James Kin-Pong Au, University of Tokyo, Japan
IAFOR Scholarship Recipient
James Au is a postgraduate student at the University of Tokyo, Japan. Prior to that he studied Japanese literature at SOAS, University of London, UK. He completed his MA degree in comparative and literary studies in Hong Kong Baptist University in May 2014. Before that he obtained a bachelor’s degree in translation at The Chinese University of Hong Kong. He also spent four years learning foreign languages including Japanese, French and German, and developing his strong interest in comparative literature between East and West. His current research is to study how nihilism incorporated in the works of both Chinese and Japanese writers from the 1910s to the mid 1920s. His professional career outside academia includes compiling English teaching materials and teaching English courses in various local colleges, high schools and tutorial centres. Aside from professional interests, he travels widely, reads, writes and watches movies with his family and friends.
Ashley Harbers, Yonsei University, South Korea
IAFOR Scholarship Recipient
Ashley Harbers is currently a doctoral student in the department of English Literature at Yonsei University, Seoul, South Korea. She graduated with a Master of Arts in English from the University of Dallas and a Bachelor of Arts in English and Classical Studies from the University of Texas at Arlington, USA. She has taught high-school and college literature and composition as well as English as a Second Language, and her research interests include industrial and social problem novels of nineteenth-century England, the historical novel, and protest literatures.

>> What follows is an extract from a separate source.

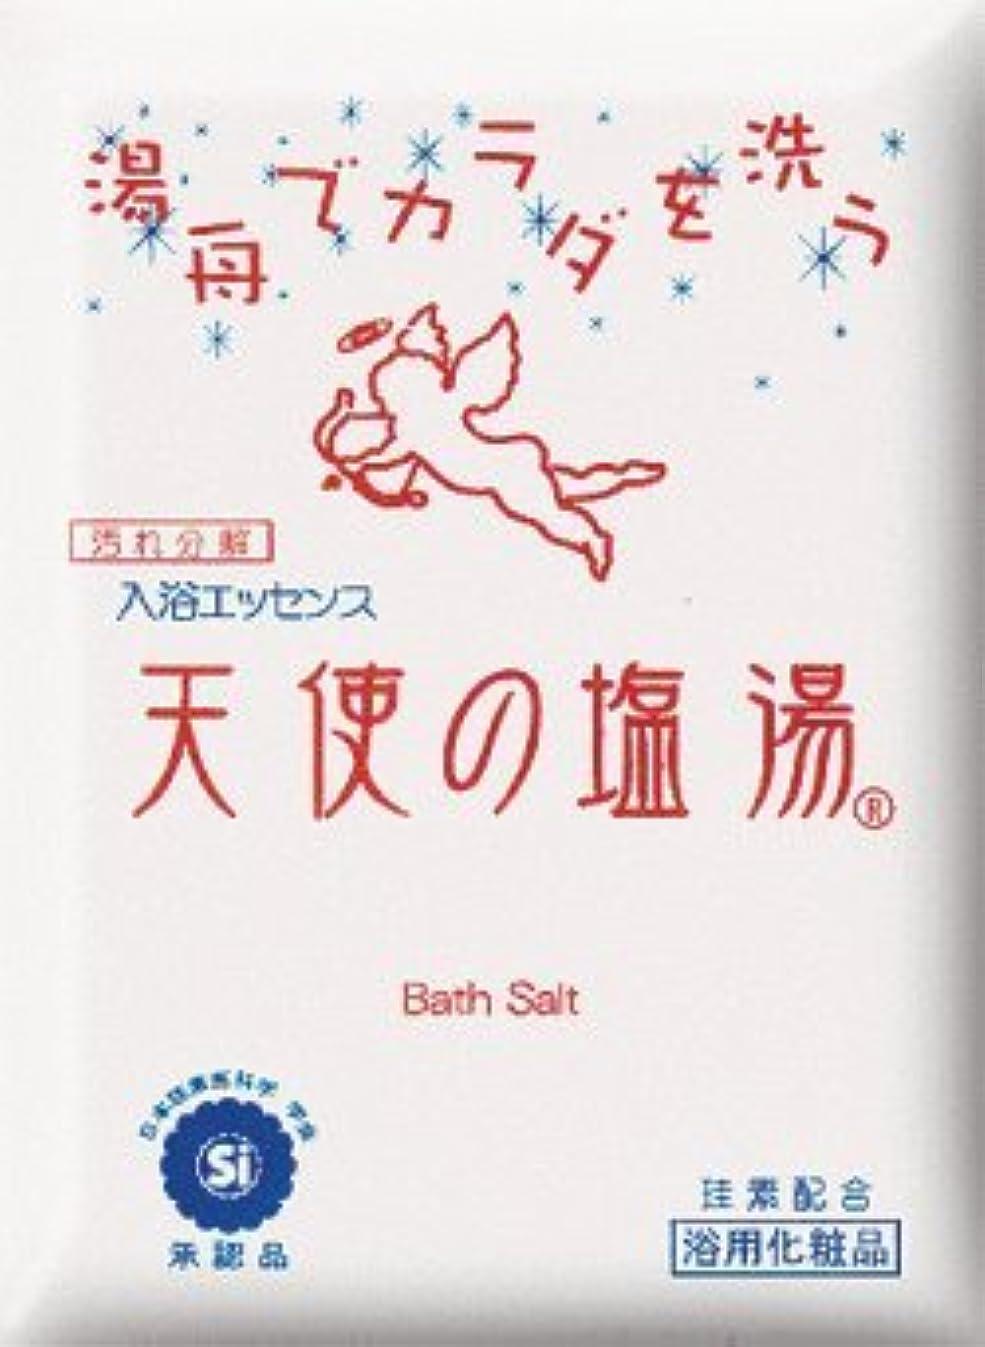 絶望的な失うオンス天使の塩湯 (70g×20袋) ※浴槽でカラダを洗う!入浴エッセンス!

Isabelle Coy-Dibley, University of Westminster, United Kingdom
IAFOR Scholarship Recipient
Isabelle Coy-Dibley is currently a PhD student at the University of Westminster, UK. In 2012, she gained a first class honours in her BA English Literature degree from the University of Westminster, UK. Following this, she completed an MA in English: 1850–Present at King's College London, UK, in 2013 and an MA in Gender, Sexuality and Culture at Birkbeck, University of London, UK, in 2014. Her predominant research interests are within contemporary women’s experimental literature with an interdisciplinary theoretical approach, presently exploring concepts of female corporeal memory, bodily semantics and methods of inscription upon the female body. She has presented at multiple conferences both in the UK and internationally.